YOUR OBJECTIVE: The whole listing that follows, pictures excepted, should be printed again exactly as given.

GIVEN INFORMATION:
━━━━━━
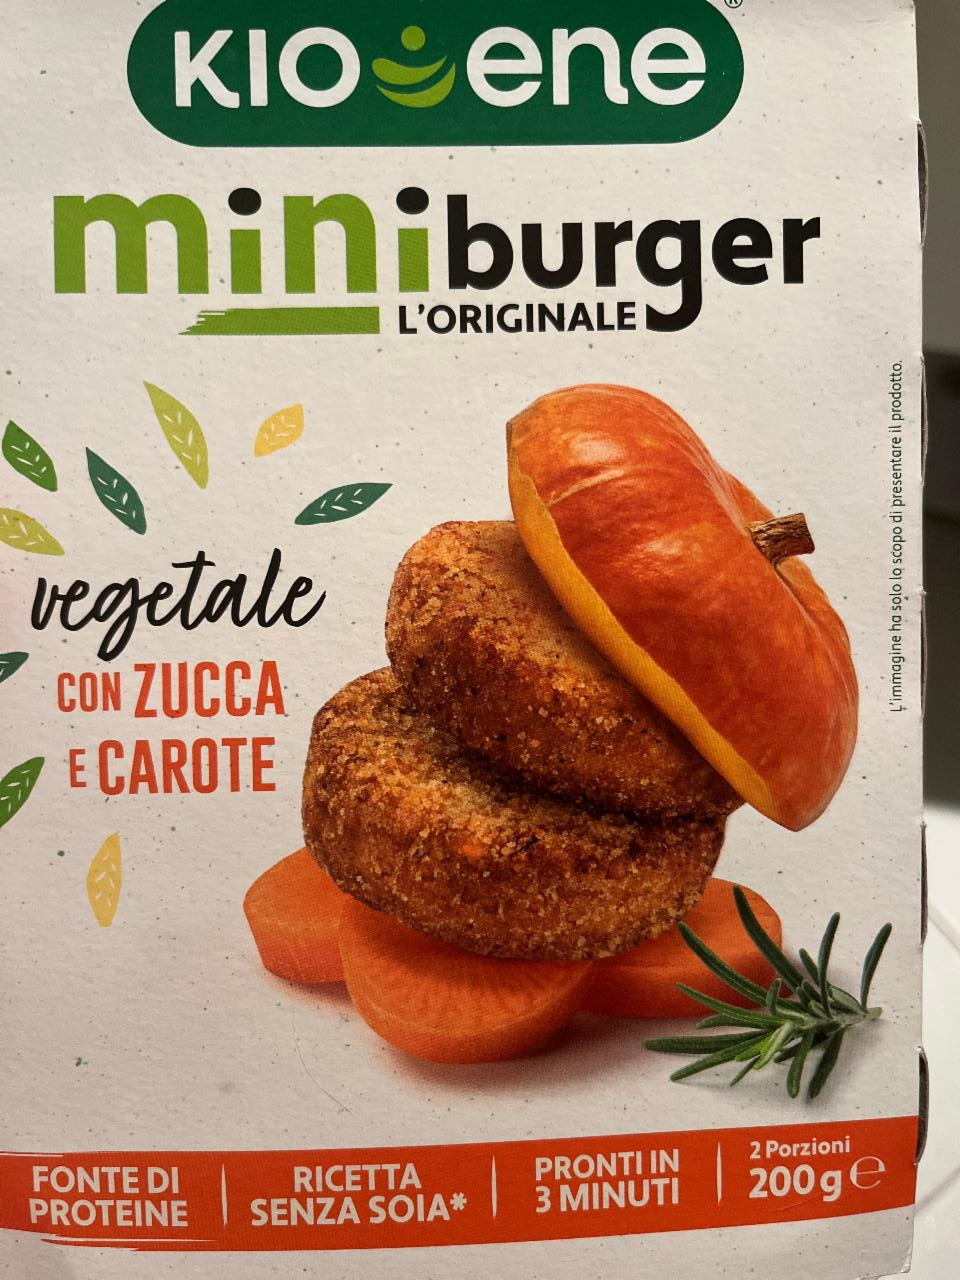 Fotografie - Miniburger l'Originale vegetale con Zucca e Carote Kioene
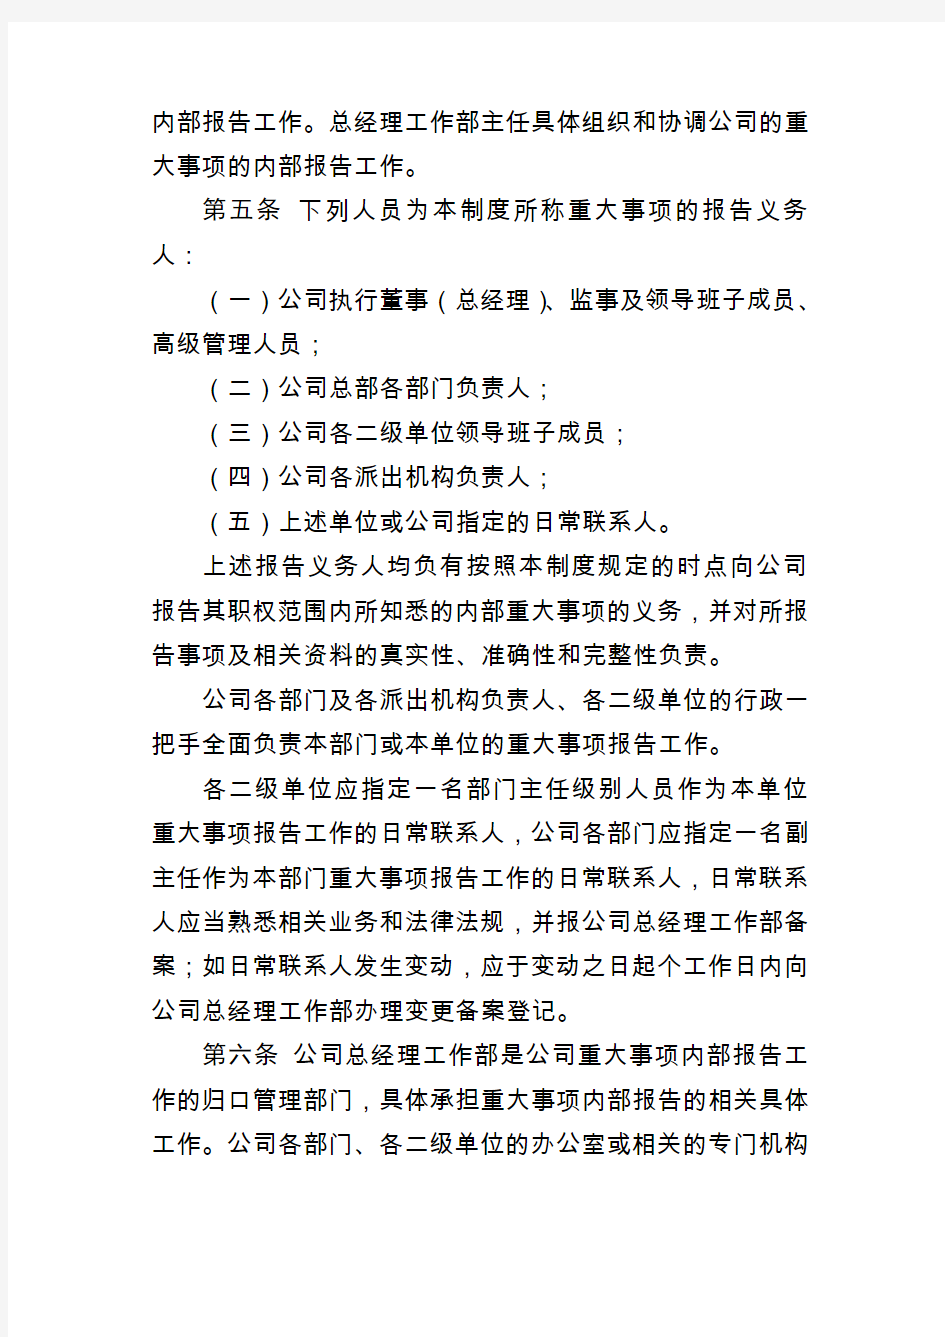 六局发〔2011〕313号中国水利水电第六工程局有限公司重大事项报告制度
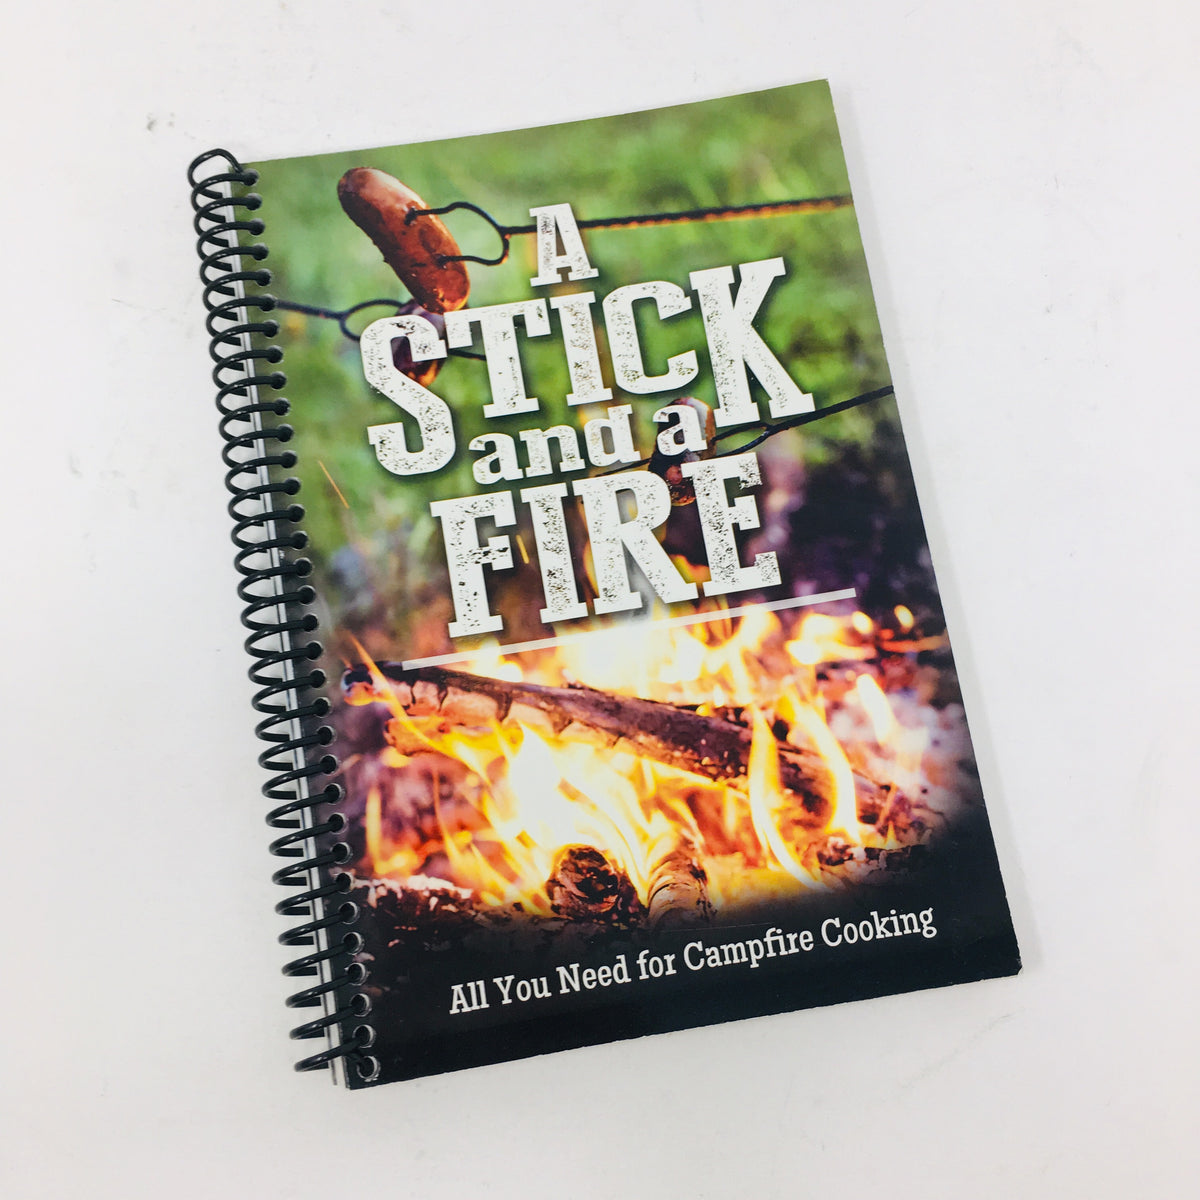 A Stick and a Fire Cookbook
━━━━━━
RESPONSE TO THIS EXERCISE:
 Fotografie - Miniburger l'Originale vegetale con Zucca e Carote Kioene
 六局发〔2011〕313号中国水利水电第六工程局有限公司重大事项报告制度
 A Stick and a Fire Cookbook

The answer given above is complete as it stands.